Historian and professor Olivette Otele of SOAS London joins a news program to discuss the French Parliament’s unanimous repeal of the Code Noir, 341 years after it was signed by Louis XIV and 178 years after France abolished slavery. The reparations debate is now officially open.
In 1685, King Louis XIV signed the Code Noir. The Black Code.
It was a document designed to do one thing with legal precision: regulate the bodies of enslaved African people in France’s colonies as property. Not as human beings. As tools. As currency. As reproductive assets. As labor.
The Code gave slave holders the legal framework to work enslaved people, beat them, sell them, rape them, and kill them, all within the bounds of French law.
France abolished slavery in 1848.
The Code Noir was repealed last week.
178 years. The law that codified slavery was never taken off the books when slavery ended. It simply sat there on the French statute books, through every republic, every president, and every generation of French schoolchildren taught to celebrate 1848 as the moment France did the right thing.
5 Key Takeaways
1. France repealed the Code Noir in 2026, 341 years after it was signed and 178 years after slavery was abolished.
The law that legally codified the enslavement, sale, beating, and killing of African people in French colonies was never removed from the statute books when slavery ended in 1848. Its repeal last week was unanimous in Parliament, and long overdue.
2. The Code Noir wasn’t incidental. It was France’s competitive colonial strategy.
France ran the world’s third largest slave trade and needed legal infrastructure to protect its investment. The Code regulated enslaved people as tools, currency, and reproductive assets, and was designed to ensure slave holders faced no legal consequences for what they did to Black bodies.
3. Successive French governments deliberately avoided repealing it because doing so would force a reckoning.
Examining the Code Noir meant examining slavery’s violence. Examining that violence meant confronting its legacy, including racism, inequality, and generational poverty. That path leads directly to reparations, a word France refused to say in any official capacity until last week.
4. Macron said “reparations” out loud for the first time but stopped short of an apology or financial commitment.
The French President acknowledged that reparations have no end date and that the harm is ongoing.
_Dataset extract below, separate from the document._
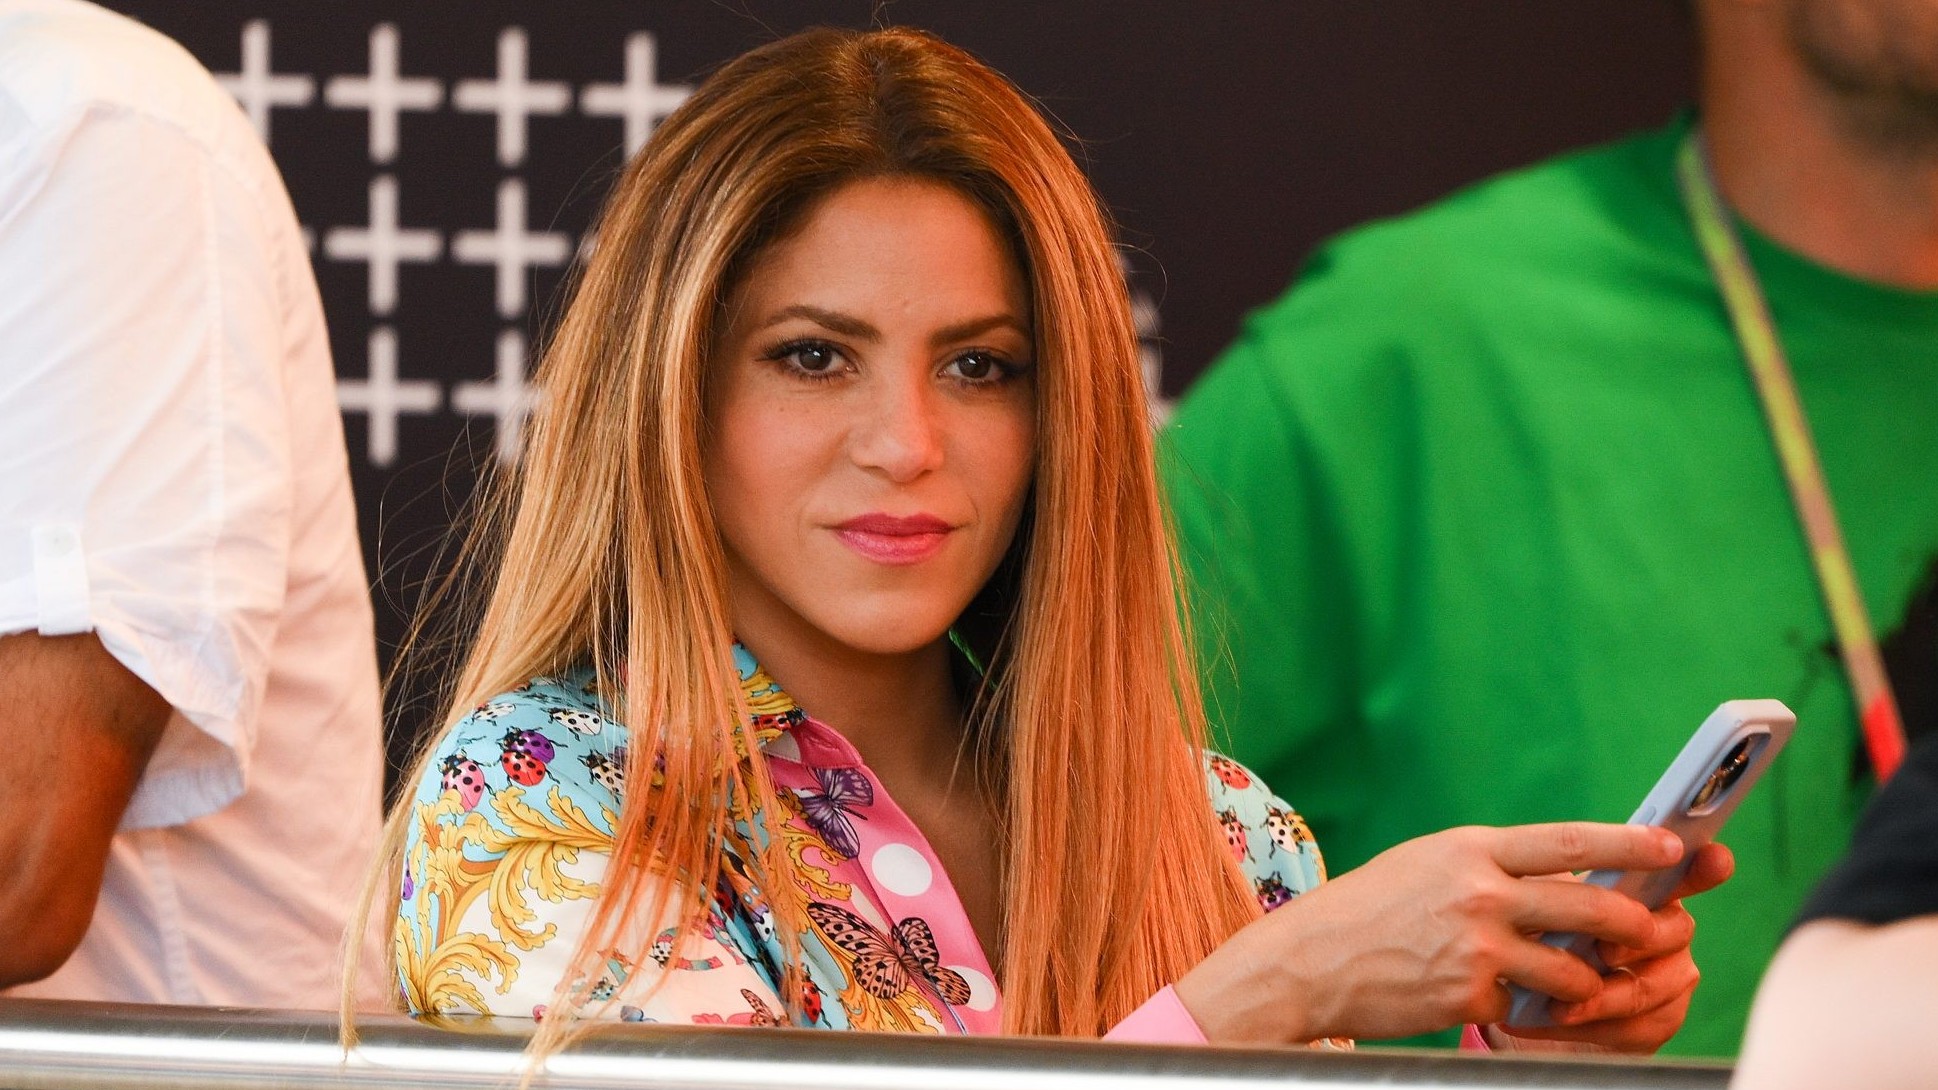 http://www.fronteradigital.com.ve/El llamativo look de Shakira para asistir a la F1 en Barcelona
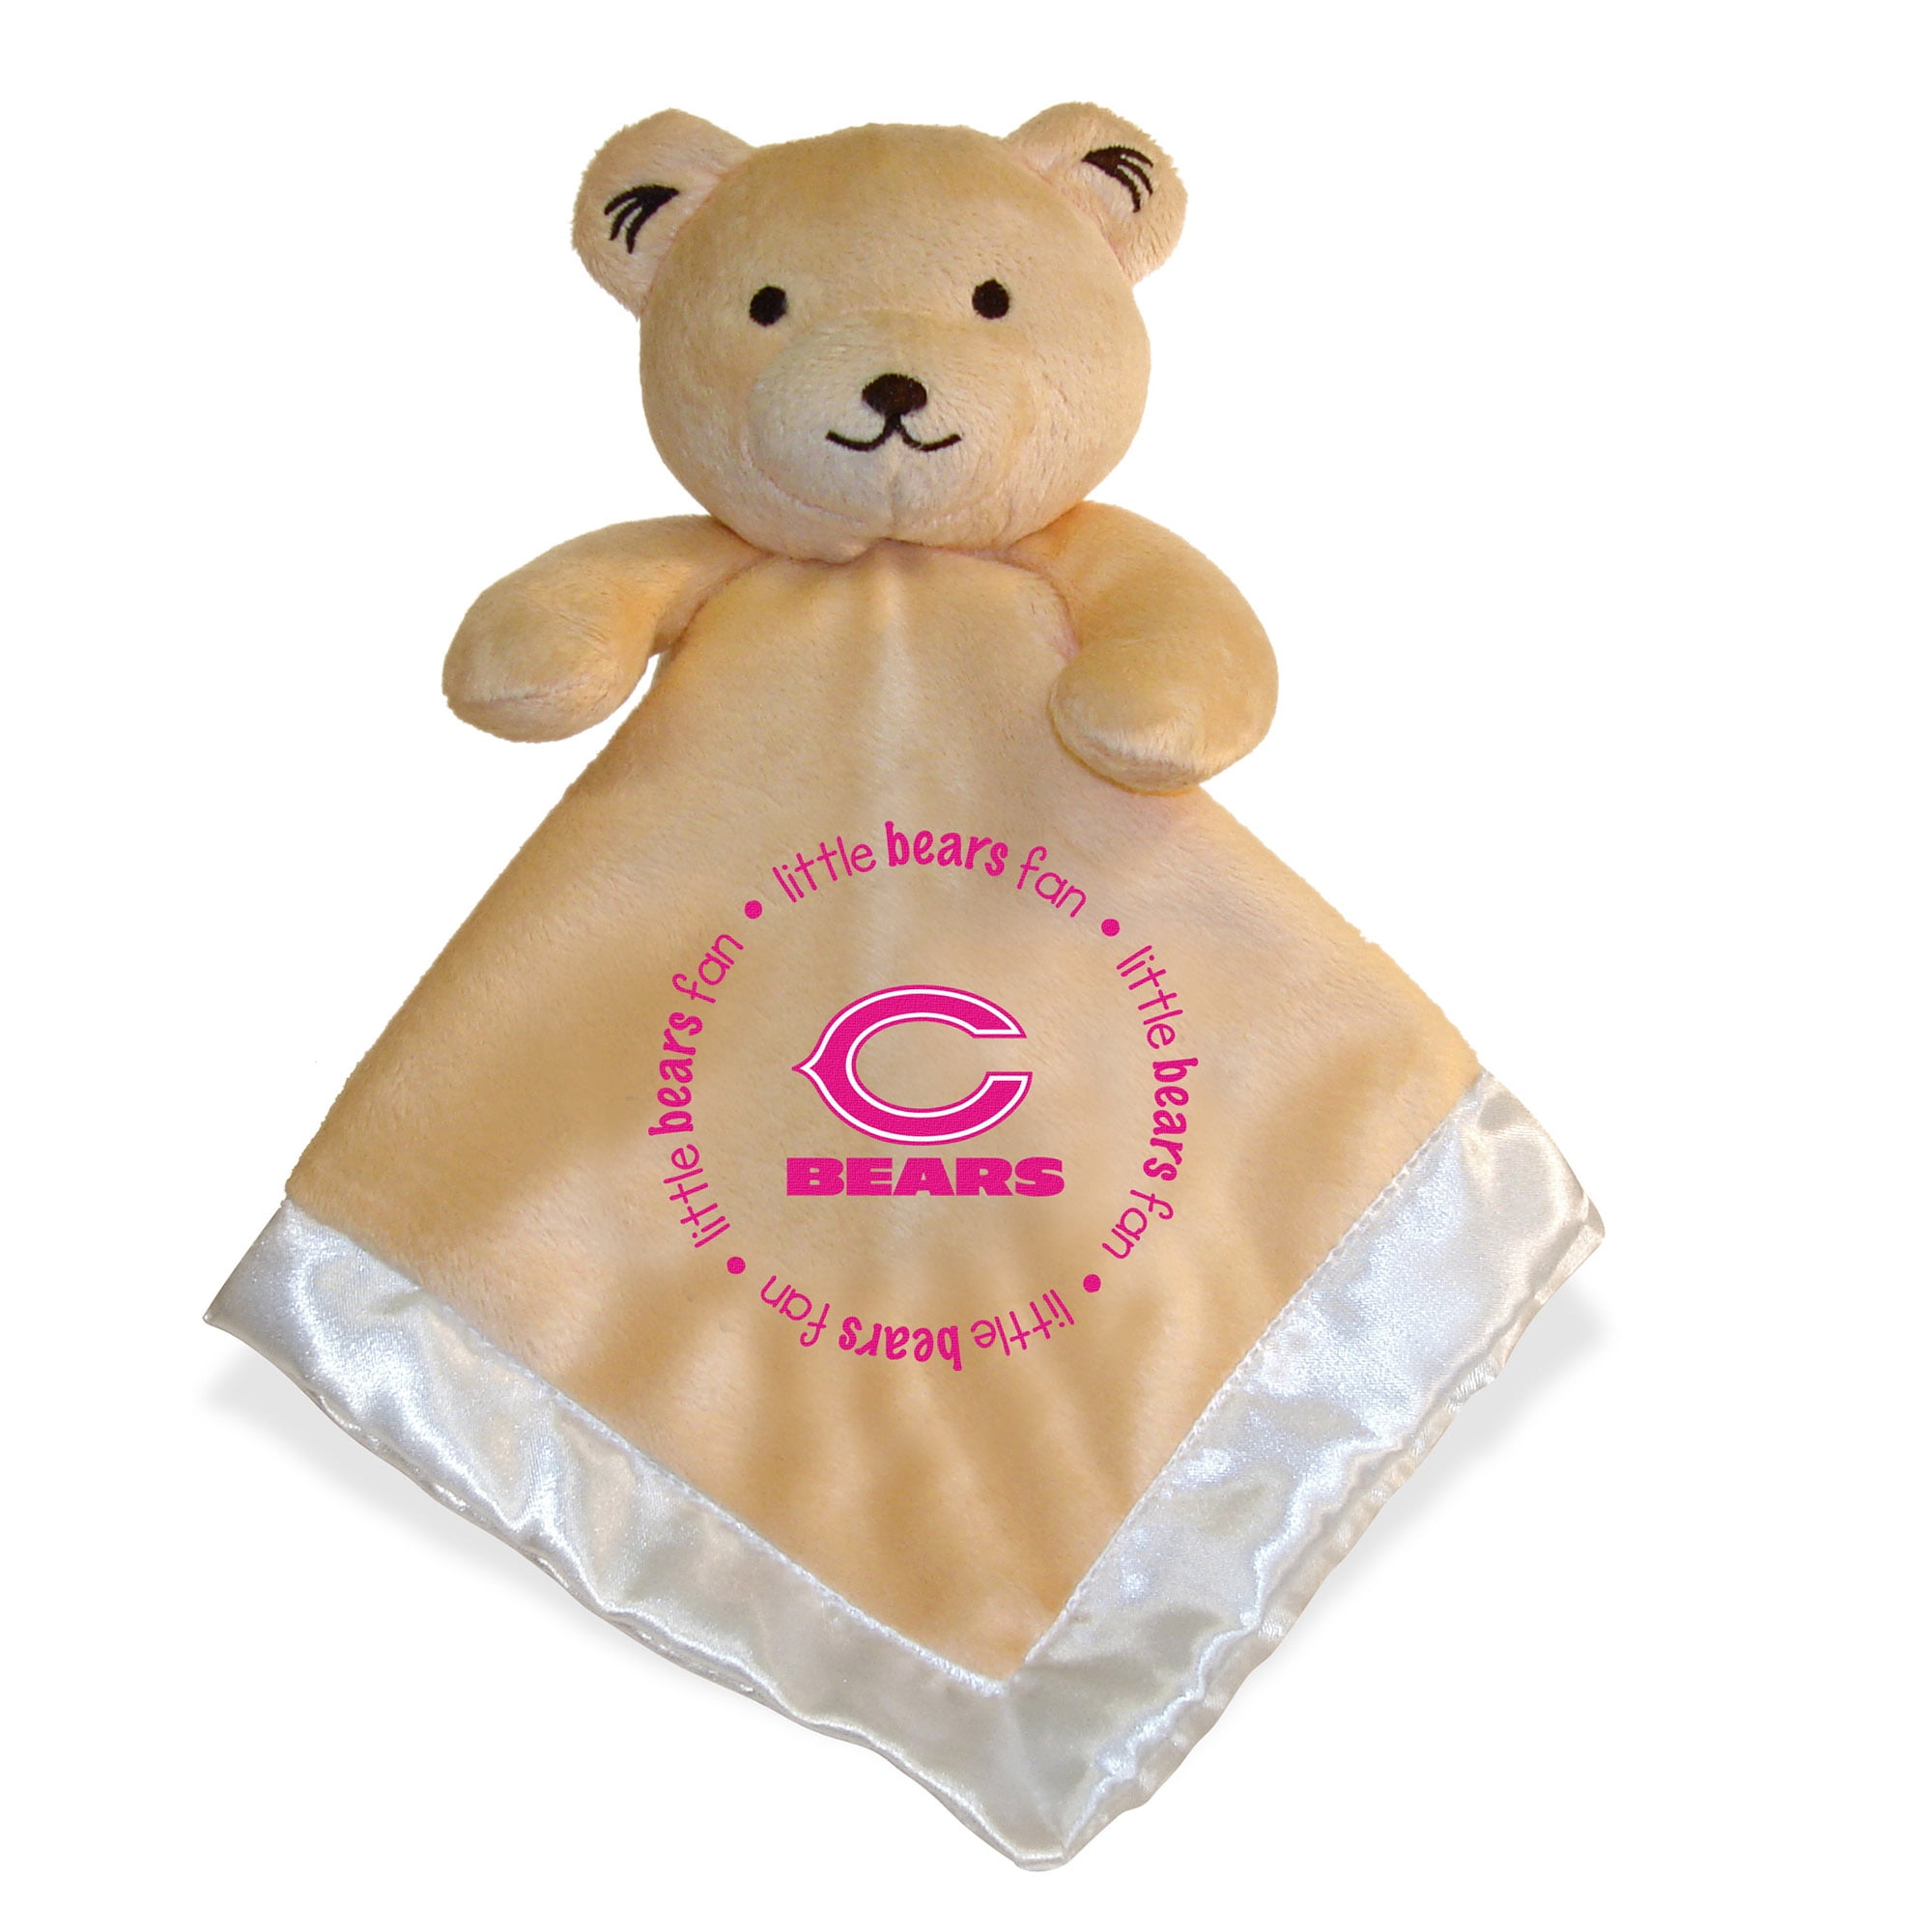 pink chicago bears logo

He neither apologized nor committed to financial reparations, leaving advocates exactly where they have long been: heard, but not compensated.
5. France’s former slave colonies, Guadeloupe, Martinique, French Guiana, and Réunion, are still governed from Paris and remain among France’s poorest territories.
Made French overseas departments in 1946, these 1.9 million citizens have legal equality but face persistent racial inequality in employment, social mobility, and opportunity. They are governed by the country that enslaved their ancestors, from the same capital city, under a legal framework that was only just repealed.
“Successive governments knew that as soon as you start talking about these things, you have to look at the violence embedded within slavery, and therefore the legacies of the past: racism, racial inequality. France didn’t want to talk about that.”